×
×
homepage logo

‘cold case’ prints turned over to FBI

By Staff | May 12, 2008

Jane Doe Sketch

Faribault County authorities are hoping fingerprints turned over to the FBI will help identify the “Jane Doe” buried at Riverside Cemetery in Blue Earth.

About three months ago, fingerprints taken from a female murdered 28 years ago by a state trooper were discovered in an envelope misplaced in an evidence case file.

“They are being (sent by) FedEx today to Mankato and will be routed to the appropriate place from there. They will be in the FBI’s hands tomorrow,” sheriff’s deputy Scott Adams told the Register on Monday, May 5.

County authorities decided to re-submit the fingerprints so they could be electronically scanned and posted on the FBI’s Integrated Automated Fingerprint Identification System.
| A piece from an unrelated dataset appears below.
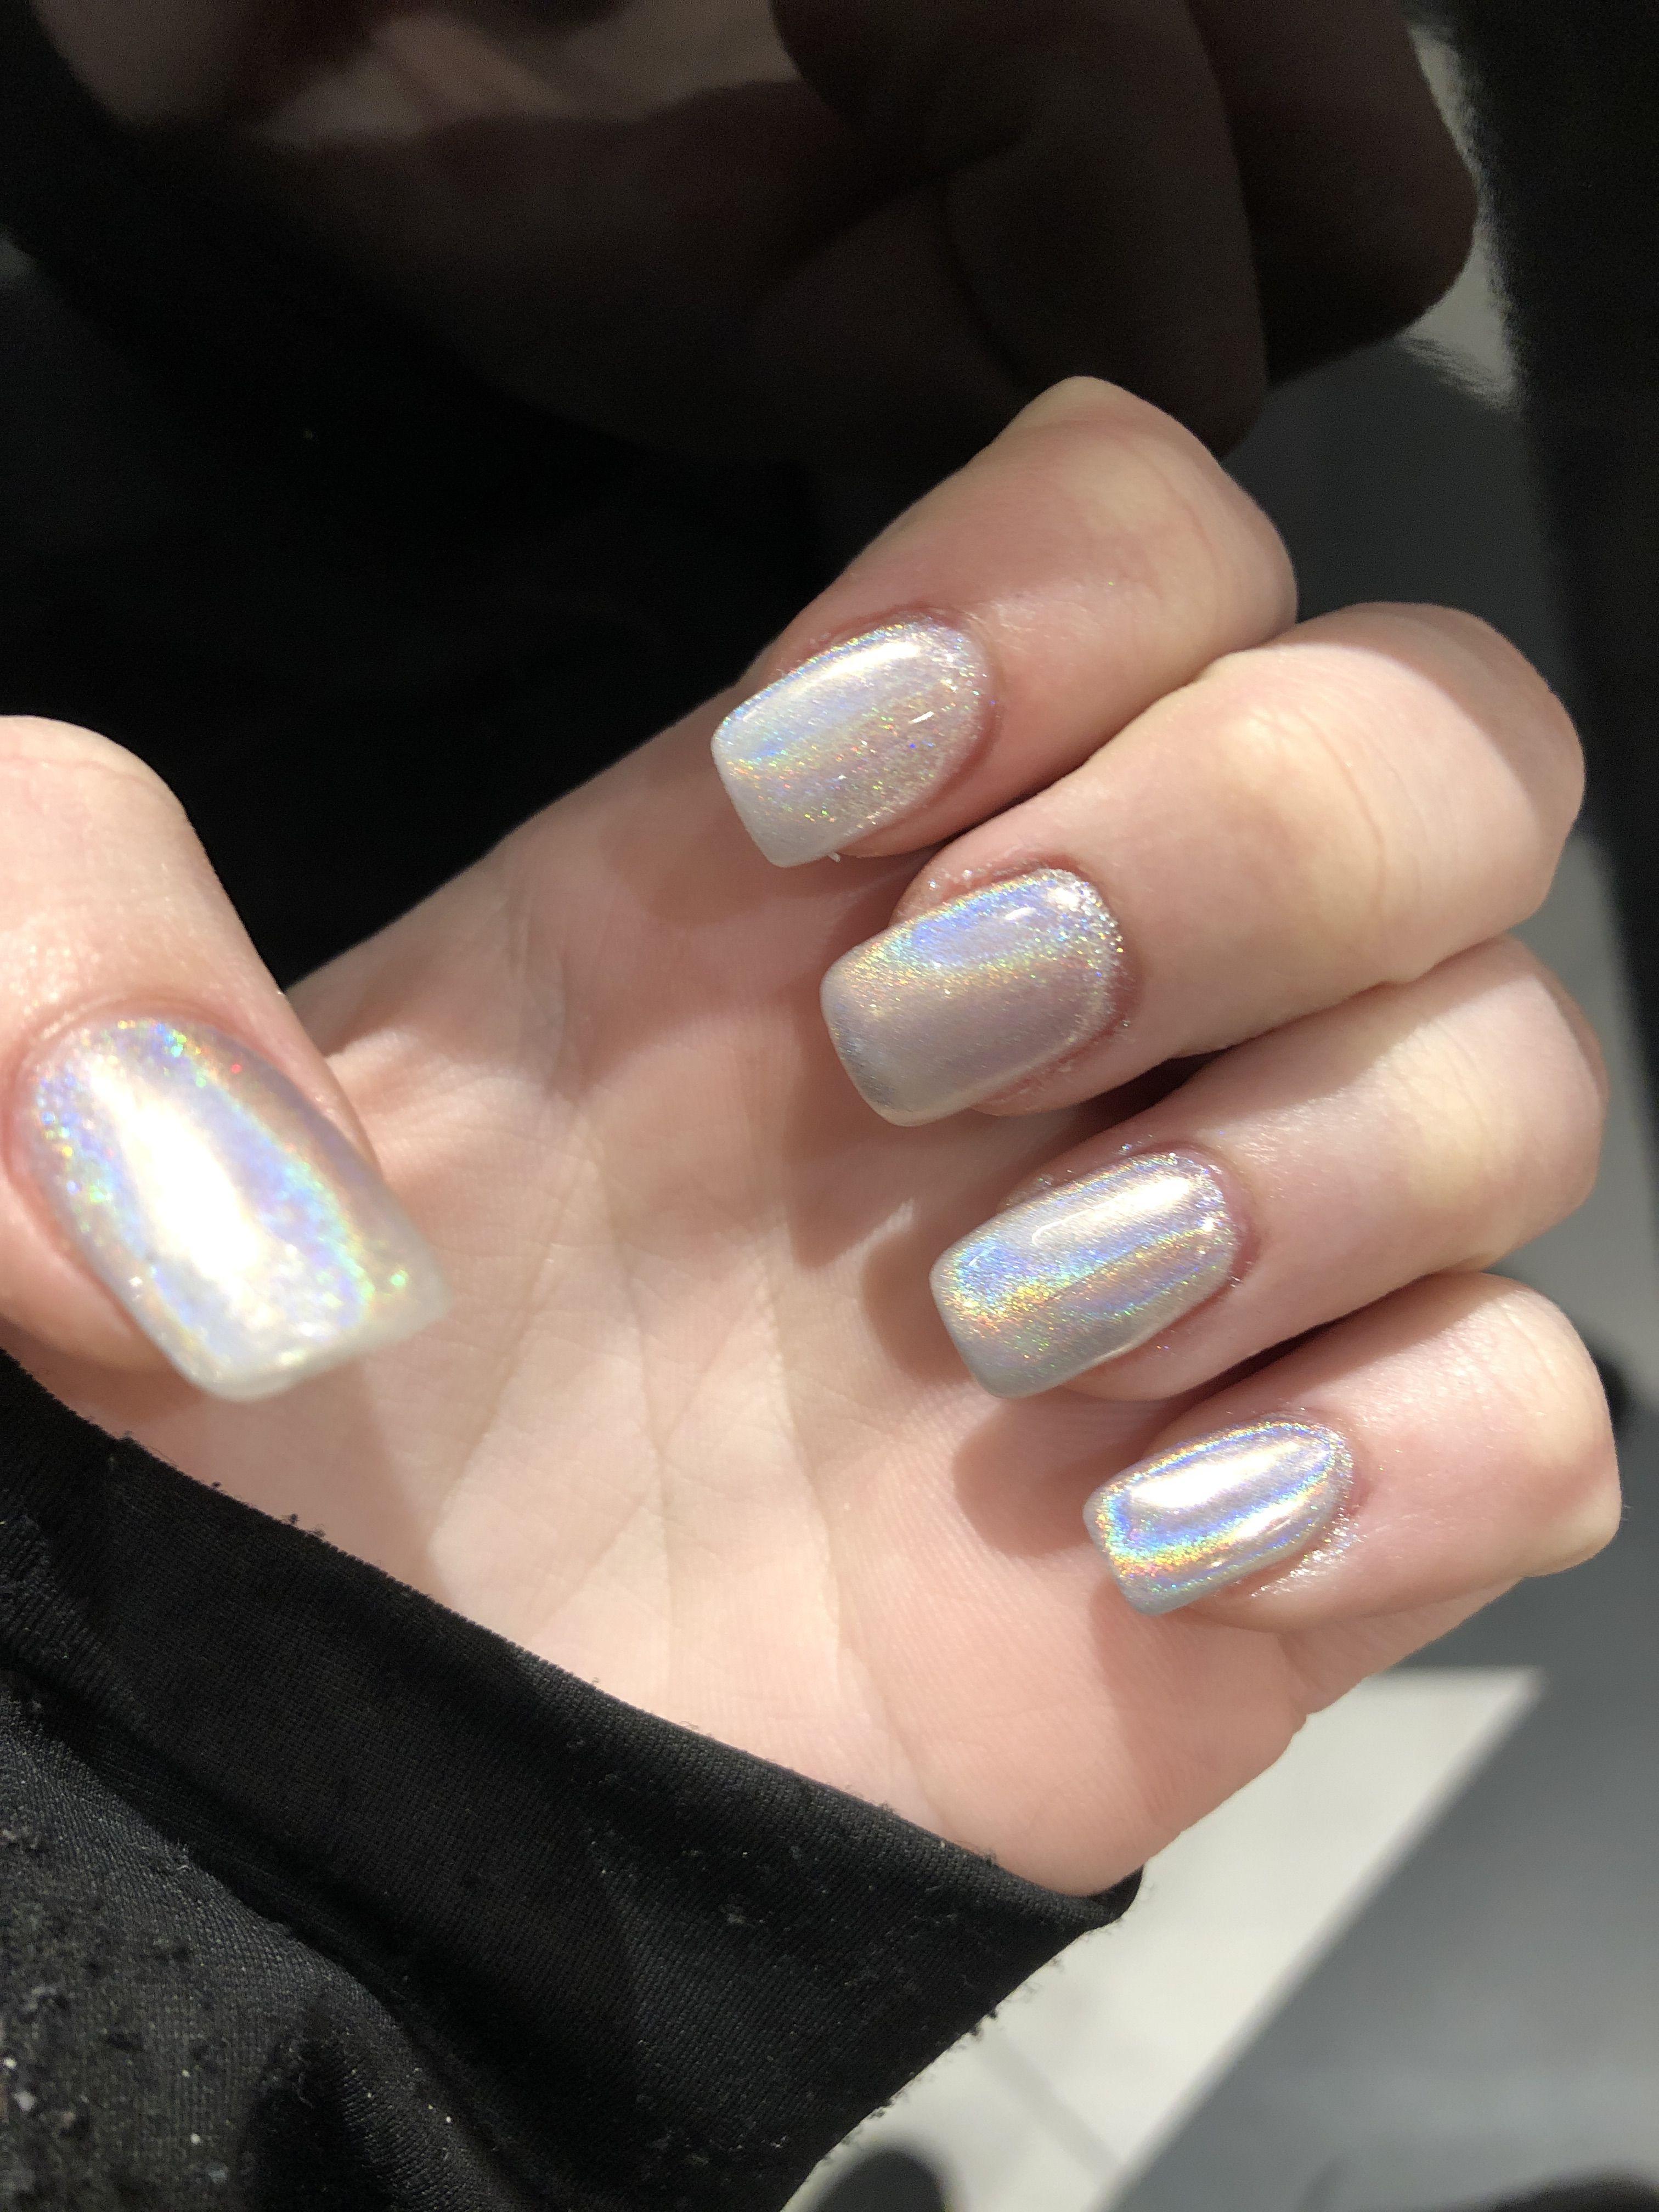 Épinglé par Magdaleine sur Diseños artísticos en uñas
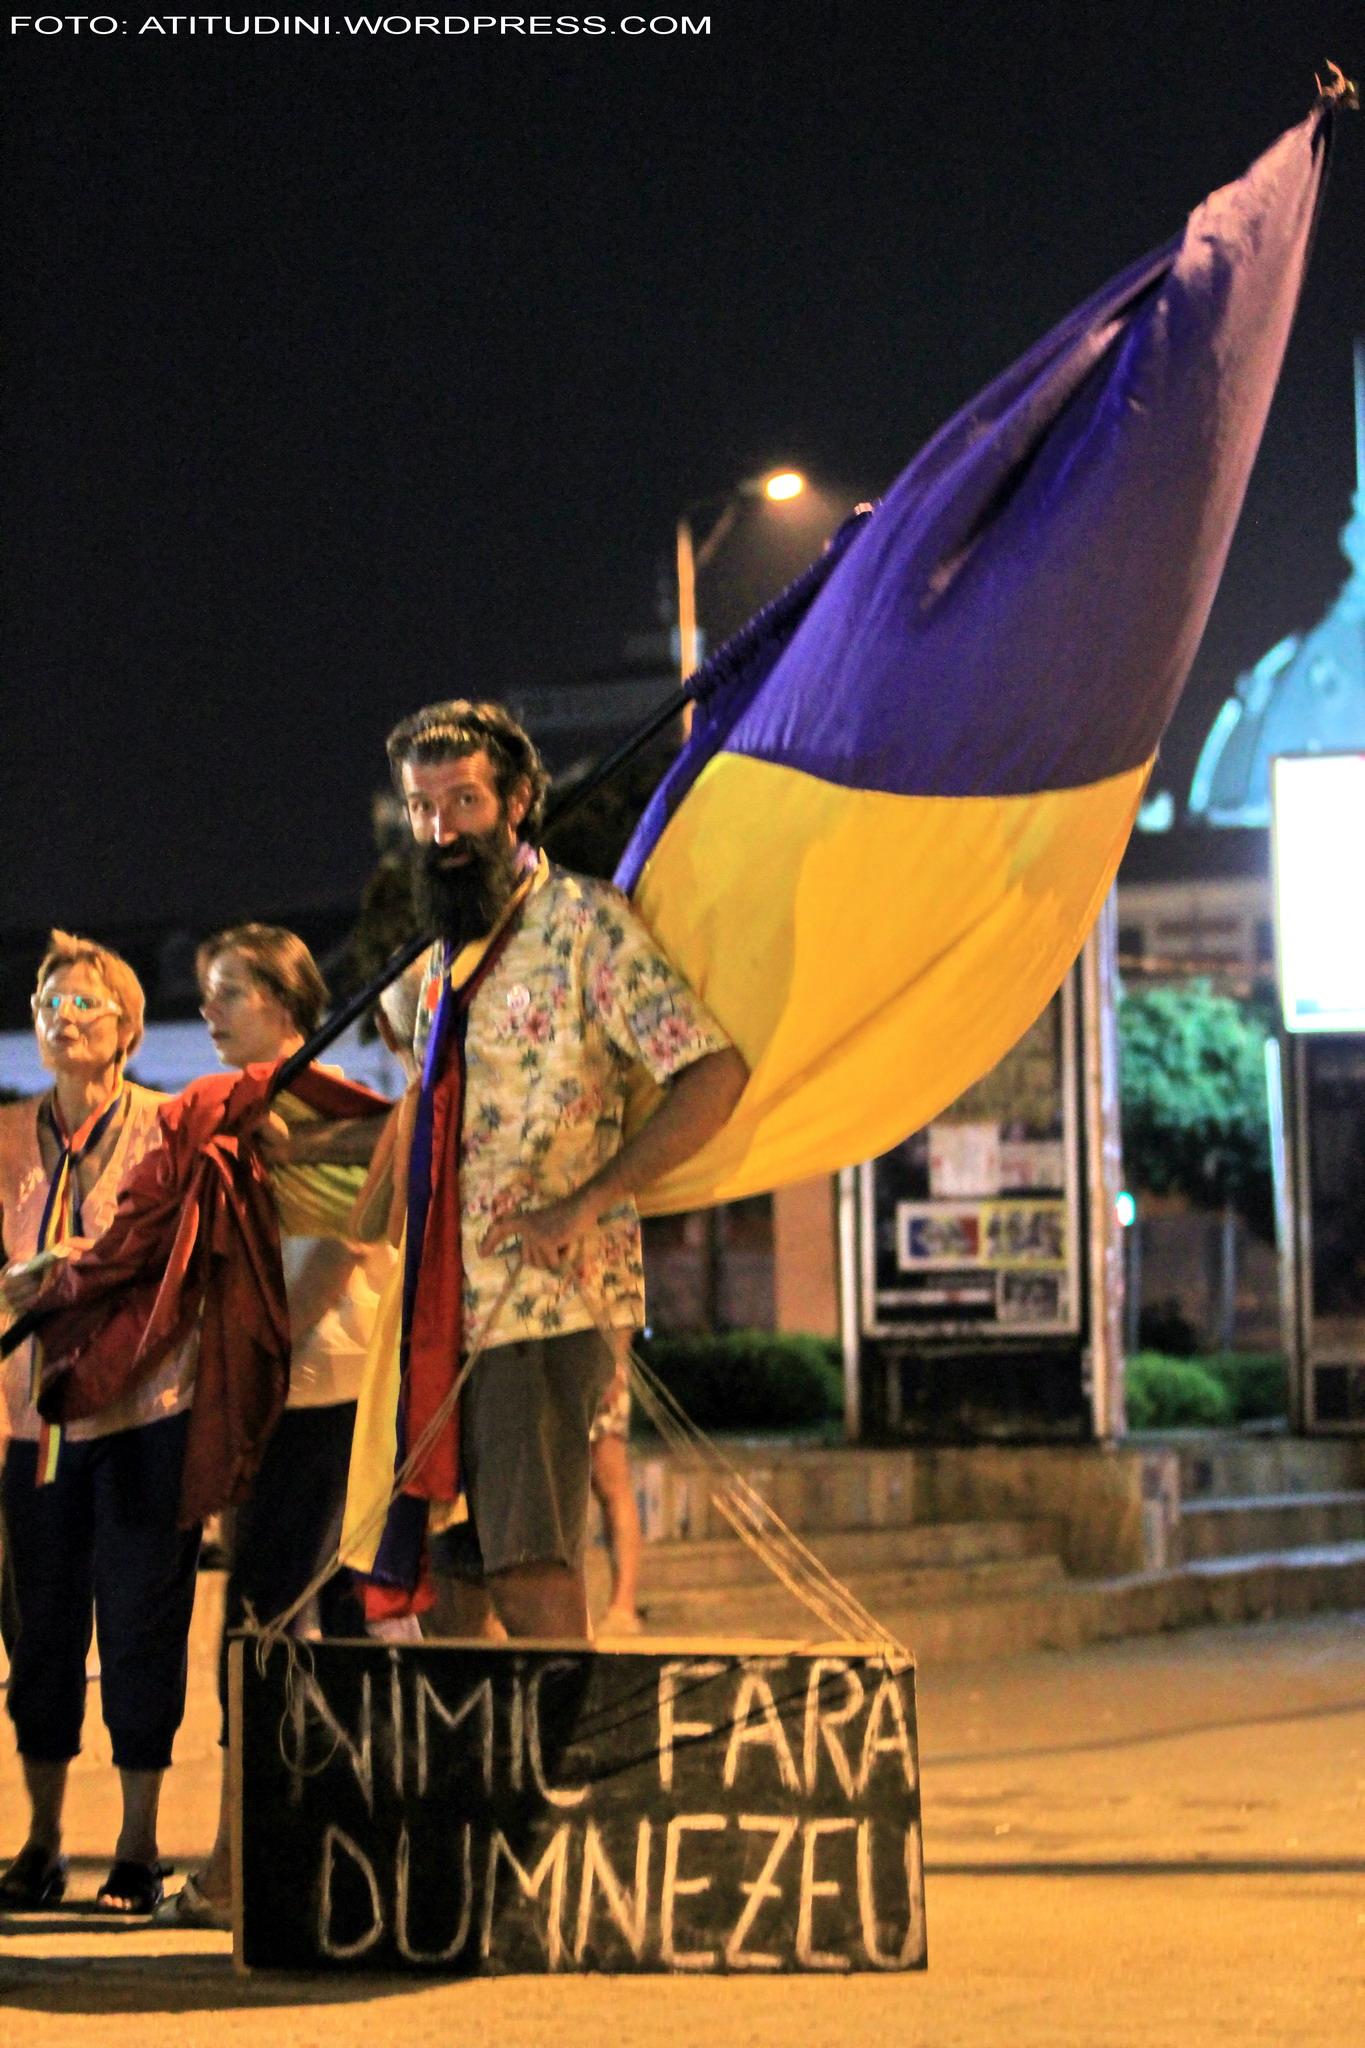 2012_08_25_piata_universitatii_ceraz_avramuta

Adams, who was assigned to the “Jane Doe” case about two years ago by then Sheriff Scott Campbell, says it took a awhile to arrange delivery of the prints to the proper authorities.

Sheriff Mike Gormley says Adams has been working on the case, “When he’s free and has the time.”

So far this year, Adams has received nearly 20 leads from organizations involved with missing persons cases and private citizens. On Tuesday alone, he received 12.

“I get calls from all over the country, from California to New York,” Adams says.

Last year, Adams checked out six leads and about 15 in 2006.

“I’ve noticed more and more of the phone calls have been from younger people, perhaps a niece or nephew who has never met a missing aunt,” Adams adds.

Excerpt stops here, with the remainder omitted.